TSP Planning Report May 2024
Facts:
- The G Fund rate for May 2024 decreased from 4.375% to 4.25%.
- The Fed Funds interest rate remained at 5.3%.
- This month’s unemployment rate decreased to 3.8% from 3.9%.
- The 1st Estimate for Q1 2024 GDP came in at 1.6%. Last quarter’s GDP was 3.4%.
- PMI (Purchasing Managers Index) stalled, reading at exactly 50 (any reading below 50 represents contraction, any reading above 50 represents expansion, a reading of 50 means no expansion or contraction).
- The S&P 500 (C Fund) decreased 4.3% in April 2024. Thus far in 2024, S&P 500 is up 5.81% YTD.
Assessment:
Rising Inflation
For the third month in a row, inflation readings came in higher than hoped, with the most recent reading of 3.5%, which was even higher than March’s 3.2%.

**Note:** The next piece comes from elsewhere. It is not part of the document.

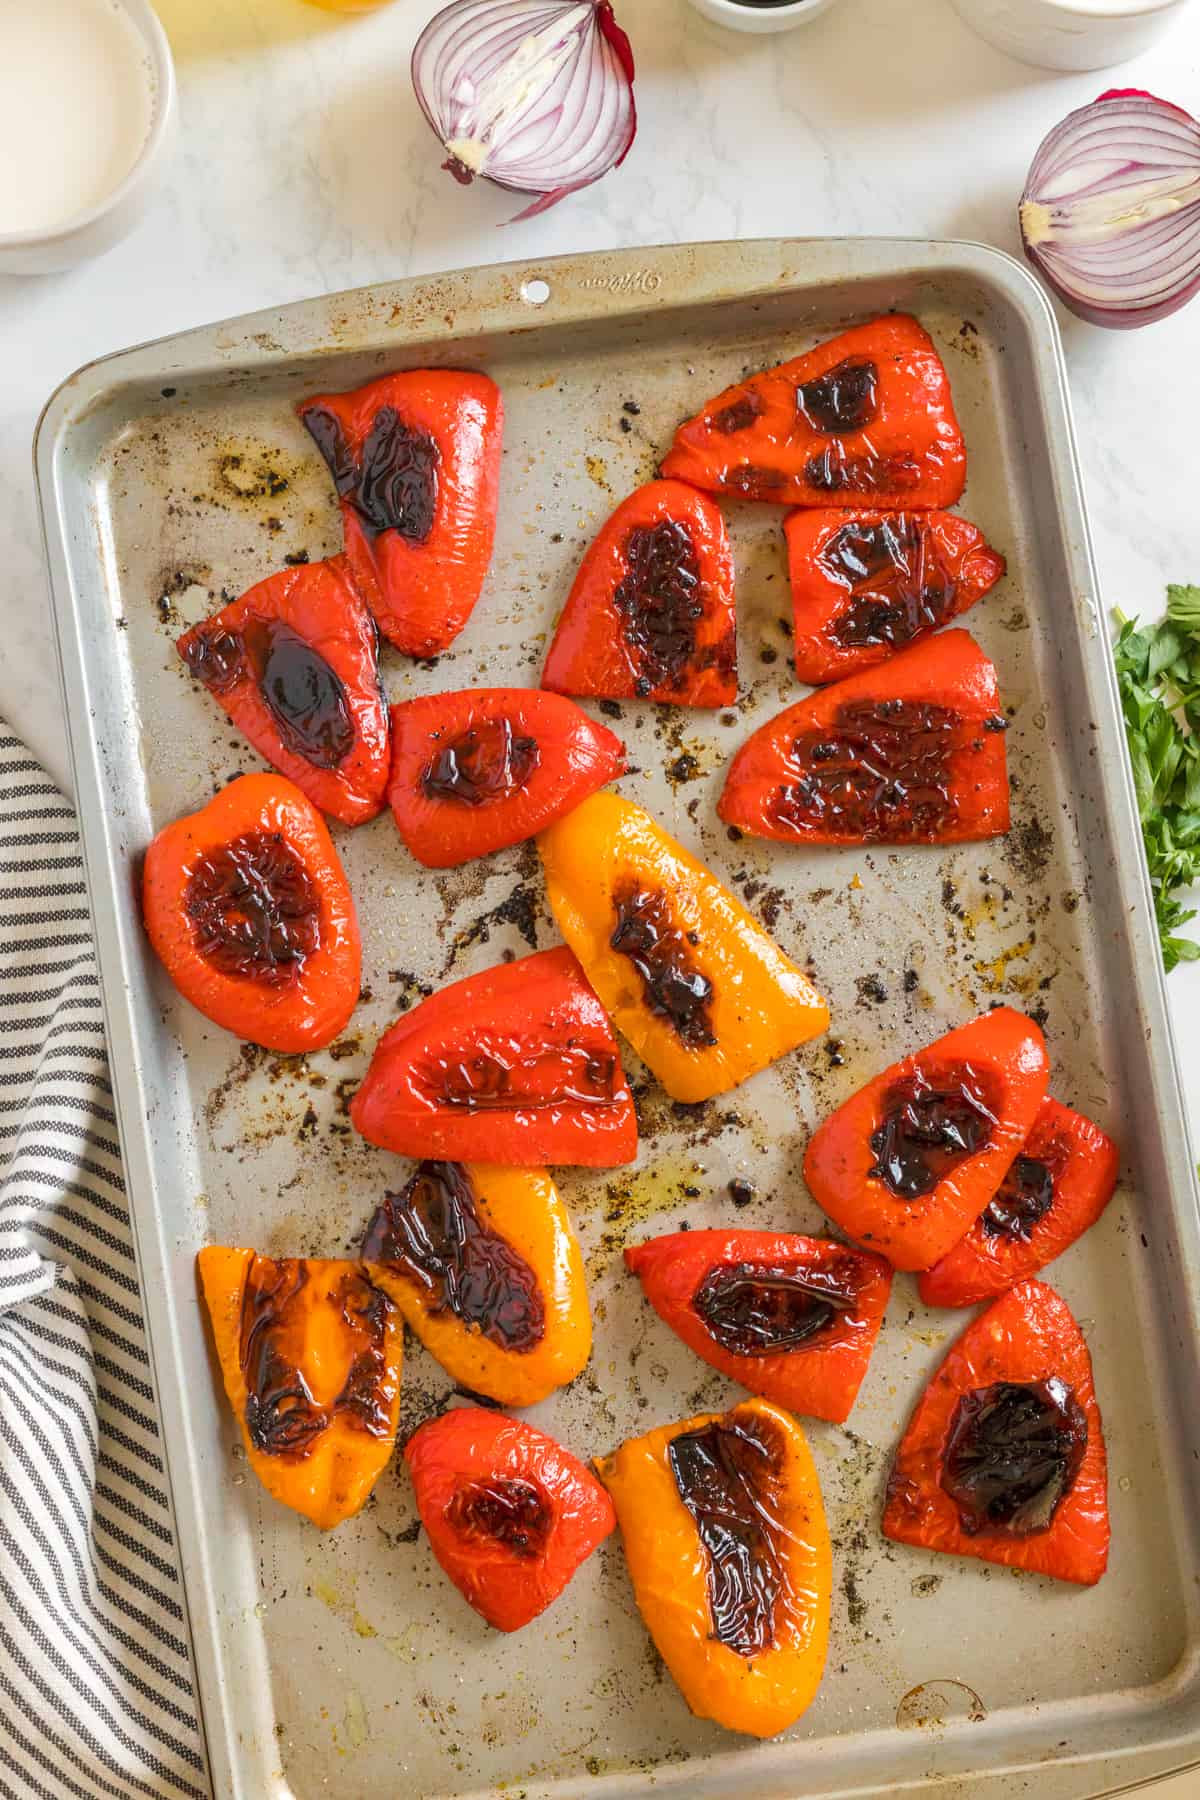 Bell peppers out of the oven, on a baking sheet.

As such, investors feared, rightly so, that the Fed would need to combat inflation by increasing interest rates.
But, as I pointed out in the past 3 month’s report, we are in an election year, and raising interest rates is not a good election campaign strategy. Today, on cue, the Fed announced it will NOT increase interest rates. Who saw that coming?
Rising Defaults:
Real Estate Defaults saw an uptick recently. According to a report by FOX news, commercial real estate foreclosures increased 6% in March. $929 Billion of commercial Real Estate loans are set to mature this year (2024). Borrowers may have no choice but to refinance with significantly higher interest rates or sell their properties at a steep loss.
Here’s an illustration:
A commercial real estate investor may be holding a 4% mortgage from 2018 that is due this year. Their loan matures this year, and they may need to refinance into an 8%+ mortgage. That, by itself, is a challenge. However, it gets worse.

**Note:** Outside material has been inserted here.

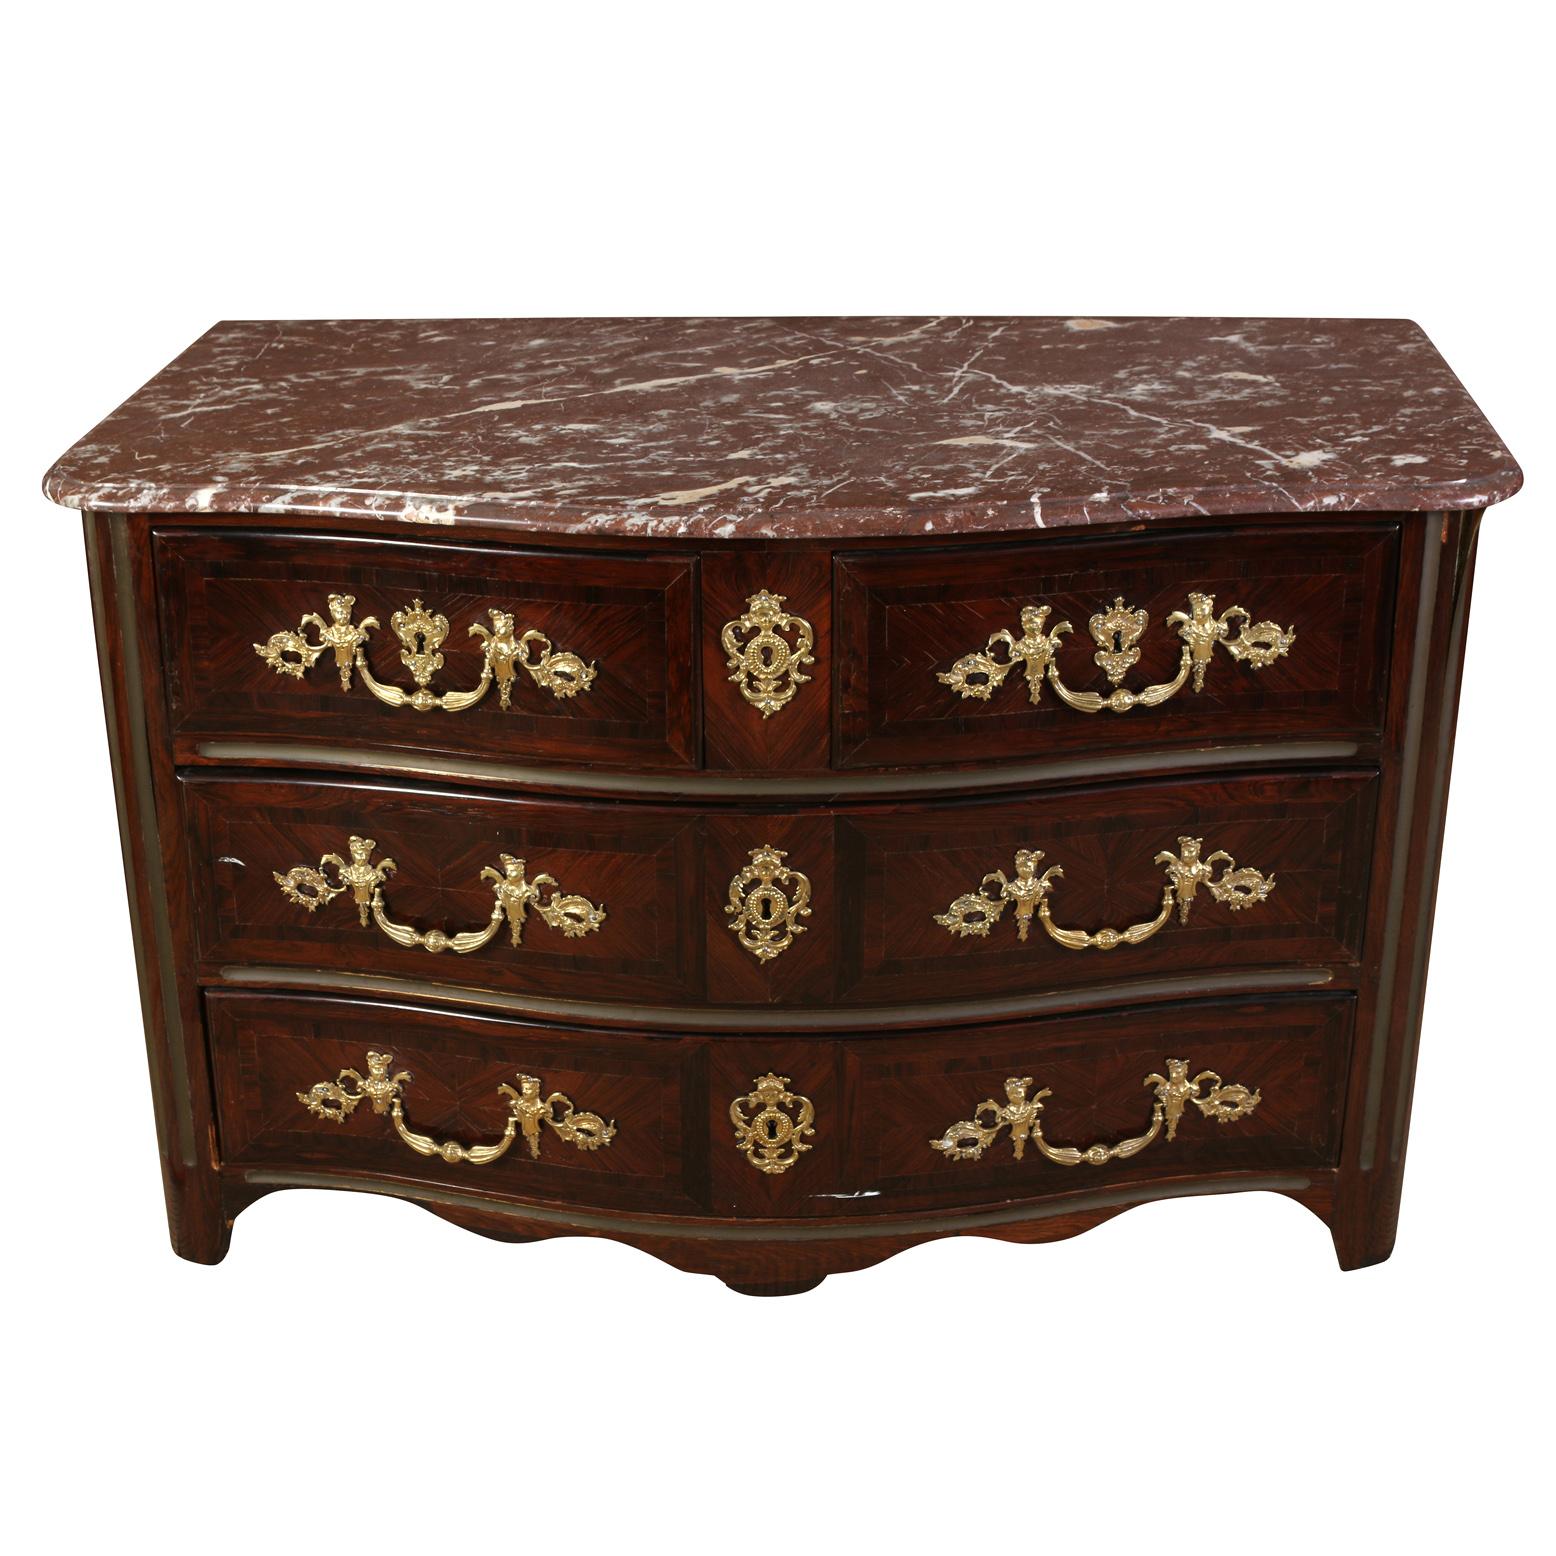 20th Century Regence Brass and Ormolu Mount Serpentine Front Commode For Sale

Commercial real estate values have declined. A building that was bought for $10M in 2018, may now be worth $8M in 2024. Assuming a 20% LTV, the loan on that original $10M property was $8M. When it comes time to refinance, if the property is now valued at $8M, the LTV would only allow a loan of $6.4M. That means the property owner needs to somehow find $1.6M of cash just to refinance the original $8M loan.
When confronted with this decision – either cough up another $1.6M and refinance into costly 8%+ loans, or cut your losses and walk away – it’s not hard to foresee many owners walking away from their loans, and defaulting.
However, in the same Fox report referenced above, the Fed is aware of these risks and feels these risks don’t affect large scale banks, but only small, regional banks, which carry 80% of this commercial real estate risk. If the defaults rise, the regional banks may go under, but the national banks are better situated and the Fed feels we are not confronting a 2008 scenario, again.
Bottom Line:
Since the Fed is not expecting to LOWER interest rates, investors may not have as much borrowed money available for investing, and as such may need to access their own cash. This money may need to be drawn out from their stock-market investments and, if done on a national scale, will put downward pressure on the stock market.
There are many arguments to say the market will be pushed downward for the foreseeable future. The only bright spots are:
- It’s an election year, and lowering interest rates is in the interest of an incumbent to boost their re-election bid.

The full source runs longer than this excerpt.